Staying home with the spawn is not an option for middle class women, because many of them work, but can’t afford day care.
Of course, men of a certain ilk say women are supposed to stay home with the spawn, regardless of economic class, but those men are members of the class who took away pay and benefits from working men, over the last 40 years, so their wives need to work too, to maintain a middle class lifestyle.
Project 2025 advocates shutting down the Federal Dept of Education.
In principle, I would not have a problem with that. If the voters of a state refuse to tax themselves enough to provide a decent education, then that should not be the Federal government’s problem. Let the people of that state wallow in ignorance and superstition, and wonder why no companies want to locate there and hire their illiterate spawn at a decent wage.
But that is not what would happen. What would happen is education would be rationed by ability to pay. Everyone gets a voucher for what little the state allocates for education. People who can pull a few thousand, per year, per kid, out of their own pocket, add the voucher to it and send their spawn to private school. People who don’t have thousands in their pocket, have only the voucher, and, for that, they get bantu education.
It violates the principle of equal protection under the law. I applauded the walking back of the local tax deduction on Federal income tax. Why is it the Federal government’s problem, if someone makes the personal, private, decision to live where state and local taxes are high?
This is the problem looking at screeds like “plan 2025”. Sometimes there is something in there that I can agree with. Things I would lump in with the position on the Dept of Education: the Feds handing out money for state and local police departments, blight clearance, road maintenance. If the people of the state will not tax themselves enough to cover these costs, why is the Federal government required to whip out it’s infinite credit card, and pay the bills the taxpayers refuse to fund?

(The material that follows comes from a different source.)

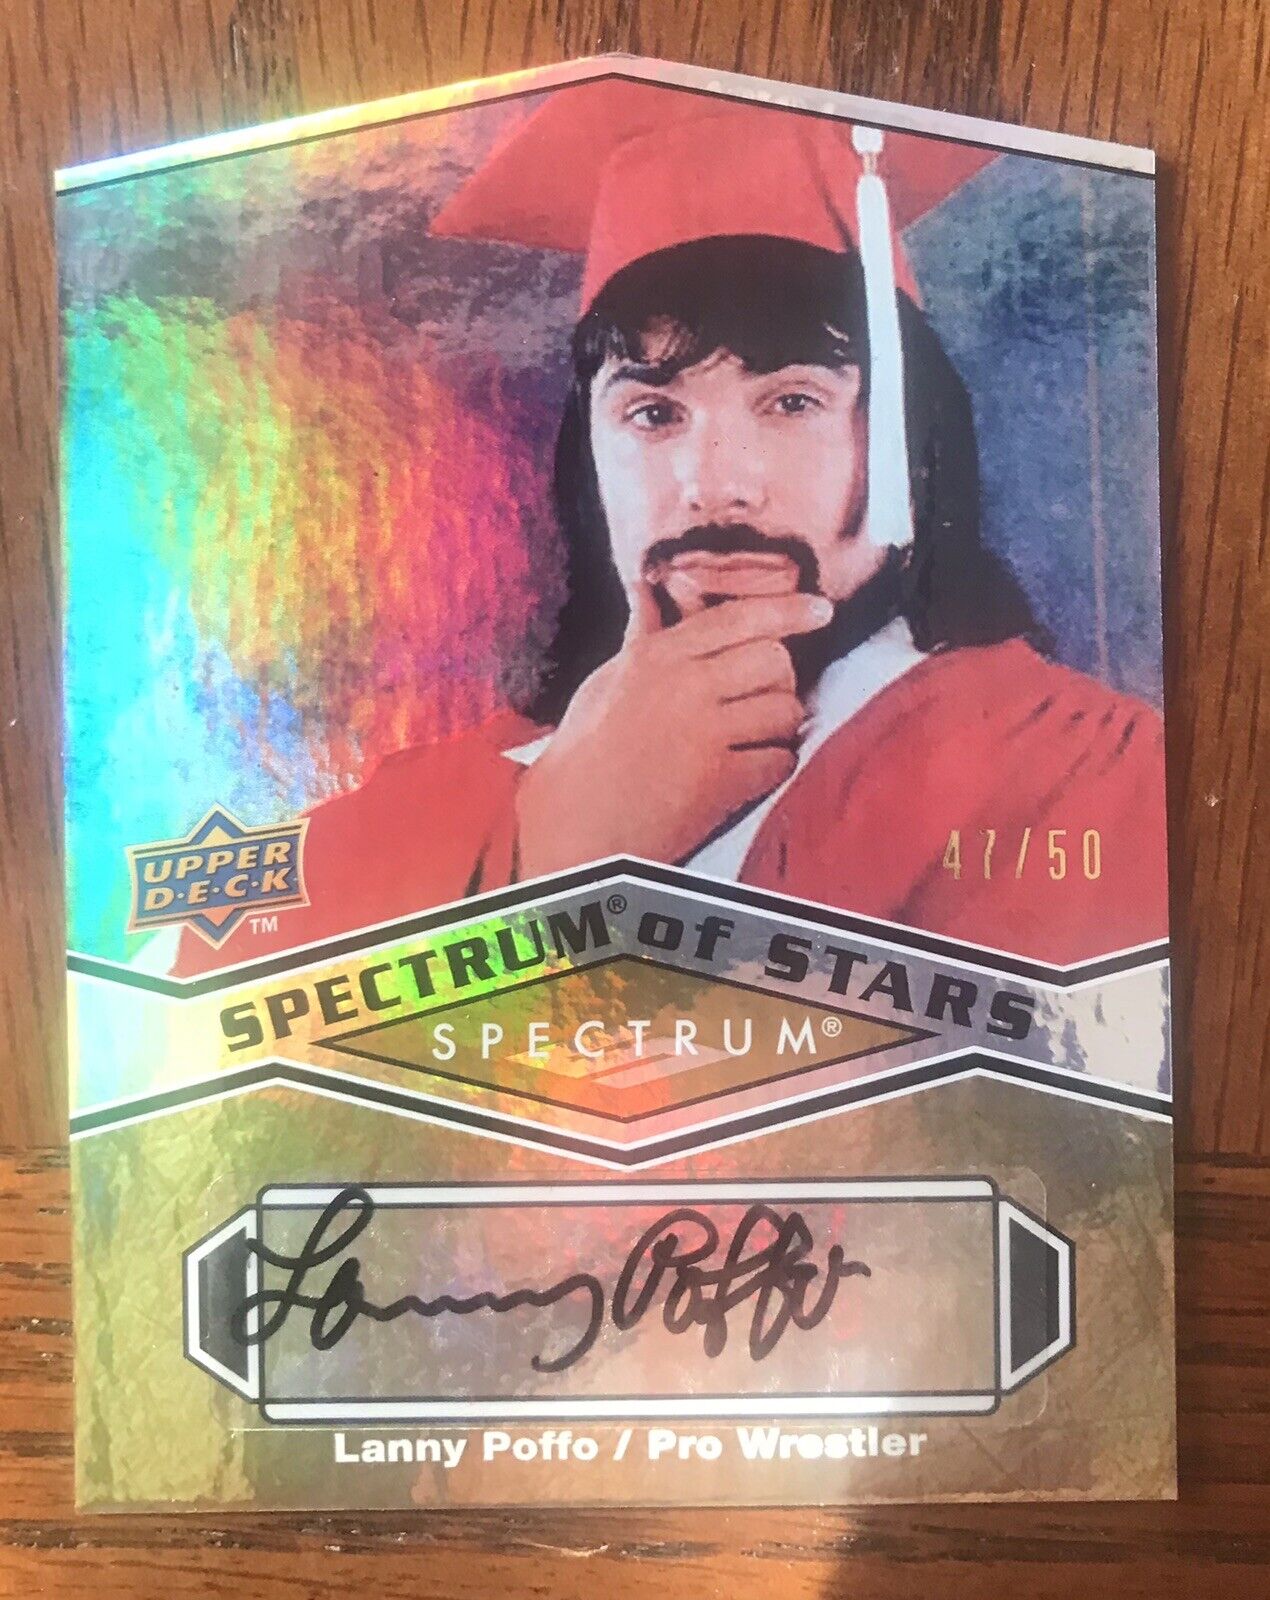 Leaping LANNY POFFO 2009 UPPER DECK Spectrum Of STARS Autograph  47/50  WWF

It depends on the time period of “equal protection”. If you mean “immediately and for the short-term future”–without considering anything further–then your thinking might make sense. However, looking further–and planning farther–into the future means maintaining a population able to provide those same (similar/comparable) services in the future. Otherwise, given a declining population, the US will not be able maintain a capable military–and a lot of other things the US population takes for granted because the current US population is able to (barely) meet those expectations. Given a longer time frame, which is not unreasonable, it makes sense to offer benefit(s) to the reproduction-age population to have children. Over the years, it will also mean people being reasonably available to perform a variety of other jobs as older workers retire and leave the workforce. What happened when a lot of boomers began to think about retirement? Management looked at ways to do without as many workers–because it became practical to do so with modern technology. That desired choice may not be available in the future–or it MAY. As someone says, “You will see my wonderful plan in 2-3 weeks.” Years later, NADA. Reminds me of FSD–which is #^!@#$%^&().
Denying massive numbers of potential migrants because they are “not from Norway” means minimal numbers of migrants moving to the US. Norwegians are not particularly interested in moving to the US (for some reason). Thus, the US population will decline because the available “replacements” are being denied access. Choices have consequences.
Plus experts tell us birth rates are declining everywhere. The global population is near its peak. That supply of immigrants may be adequate for our lifetimes but the future looks bleak. Then maybe automation will become more acceptable.